– Ну он такой, что поделать. Нет у него такого органа чувств, который предупреждал бы: сюда нельзя, это бестактно или безвкусно, или же просто гадко. Ну нет, и все! Нельзя же упрекать человека в том, что у него, допустим, нет уха. Зато у папы вместо этого другой орган, который безошибочно указывает, что полезно, а что не полезно. Ну хватит про него, подъезжаем уже. Сережа, – обратилась она к водителю, – тебе не обязательно рассказывать Павлу Сергеевичу то, что ты здесь услышал, ты это понимаешь.
Водитель засмеялся.
– А я и не слышал ничего.
– Я на всякий случай тебе напоминаю, что водителей много, а дочерей – всего две.
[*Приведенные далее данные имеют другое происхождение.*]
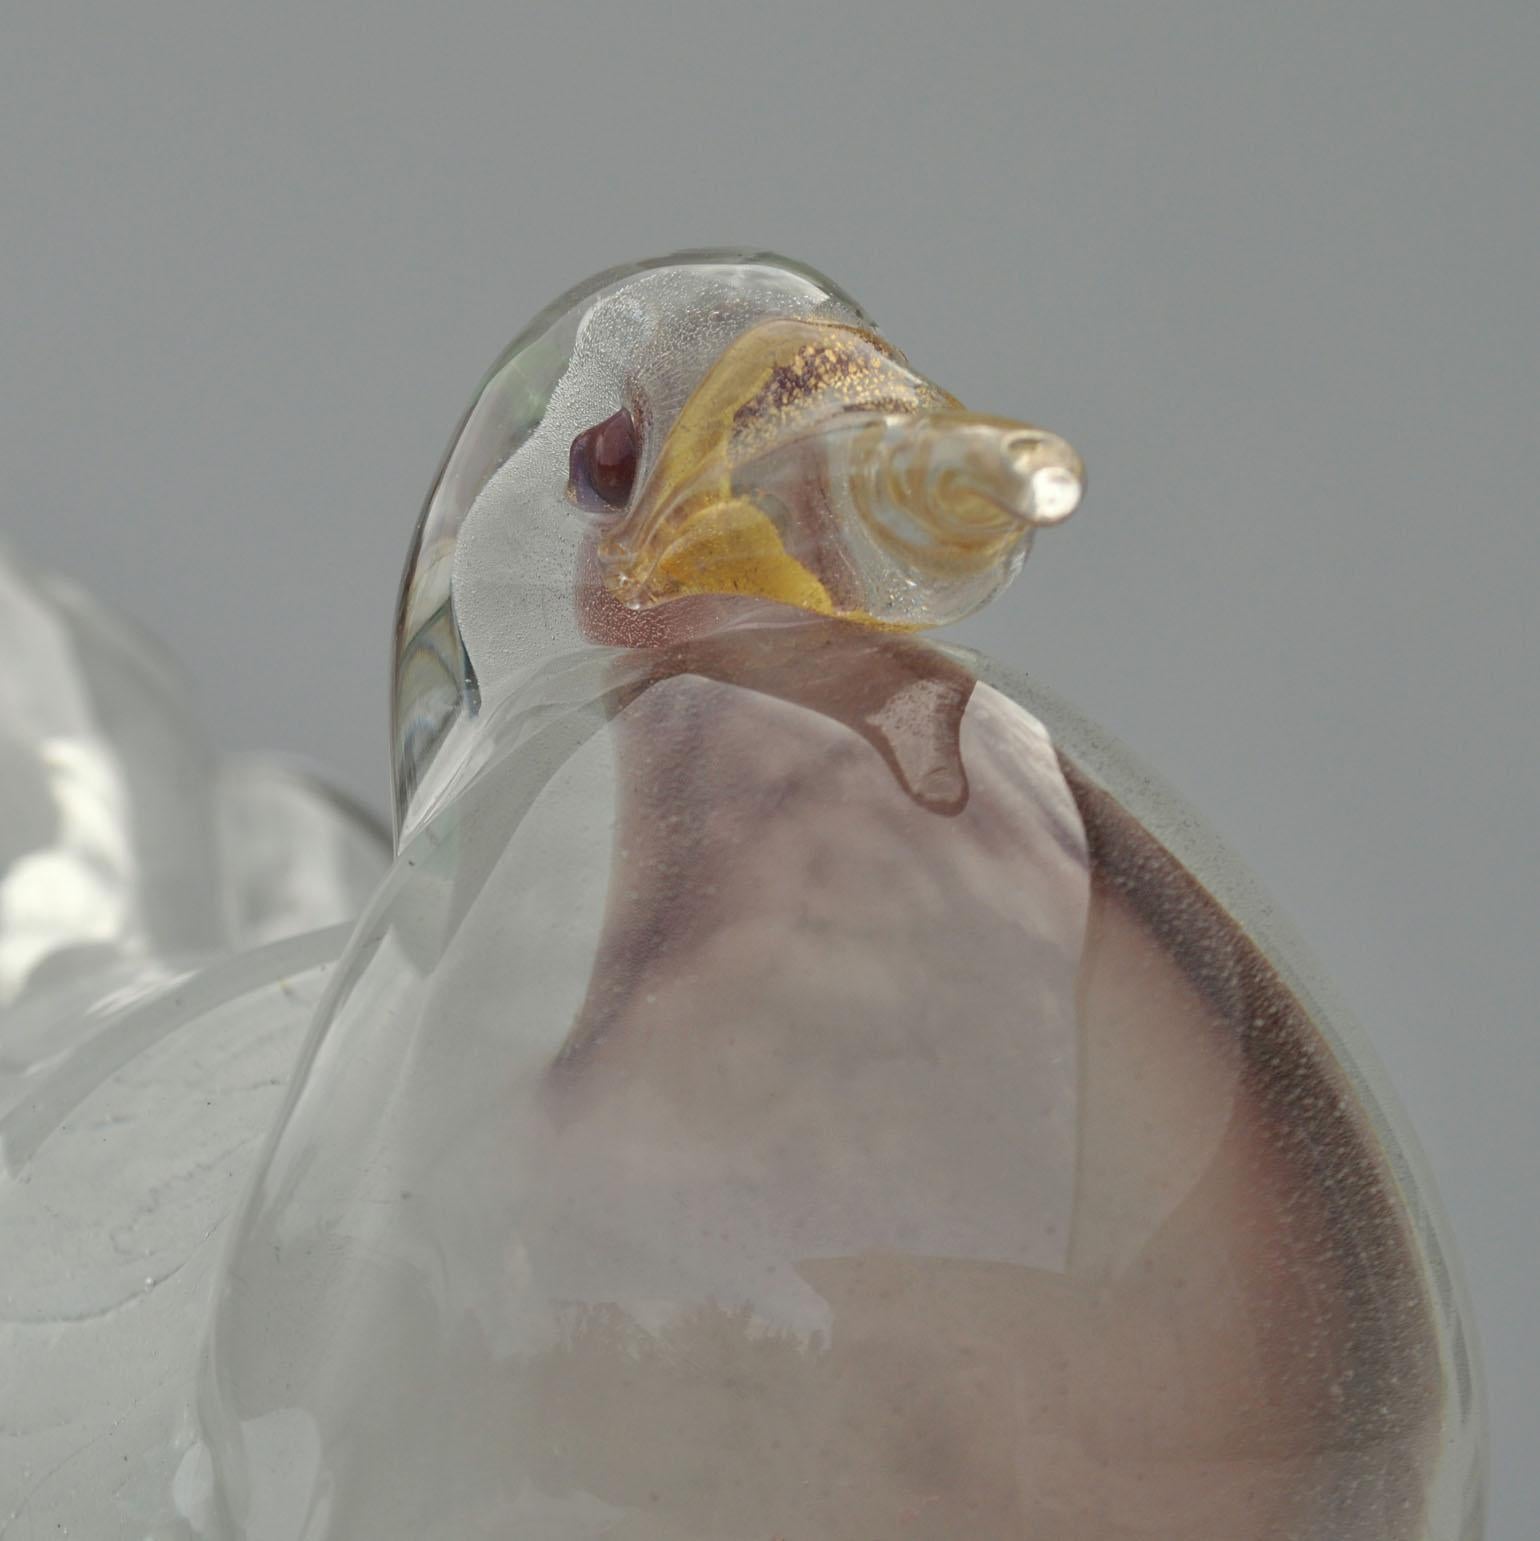 Italian Dove Sculpture Hand Blown Glass Attributed to Seguso 1950s Italy

И в любом случае мы останемся, а ты…
– Да понял я, Вита, кончай, что я, совсем дурак, что ли? – ответил водитель, и машина остановилась перед бабушкиным домом.
Дом вызывающе контрастировал с деревенскими избами по соседству. Это был, собственно, не дом, а вполне современный коттедж, почти вилла. Бабушка, наверное, принципиально не желая подлаживаться под интерьер, стояла на пороге в резиновых сапогах и с тяпкой в руке. Вита сказала:
– Бабушка, познакомься, это Саша. Он у нас поживет дня два. Он – наш режиссер с конкурса… и мой друг, – добавила она, снова легко покраснев.
Бабушке, видно, ничего не надо было объяснять дополнительно, мудрая была у Виты бабушка. Поэтому она без лишних слов повела Сашу показывать его комнату. Потом сели за стол.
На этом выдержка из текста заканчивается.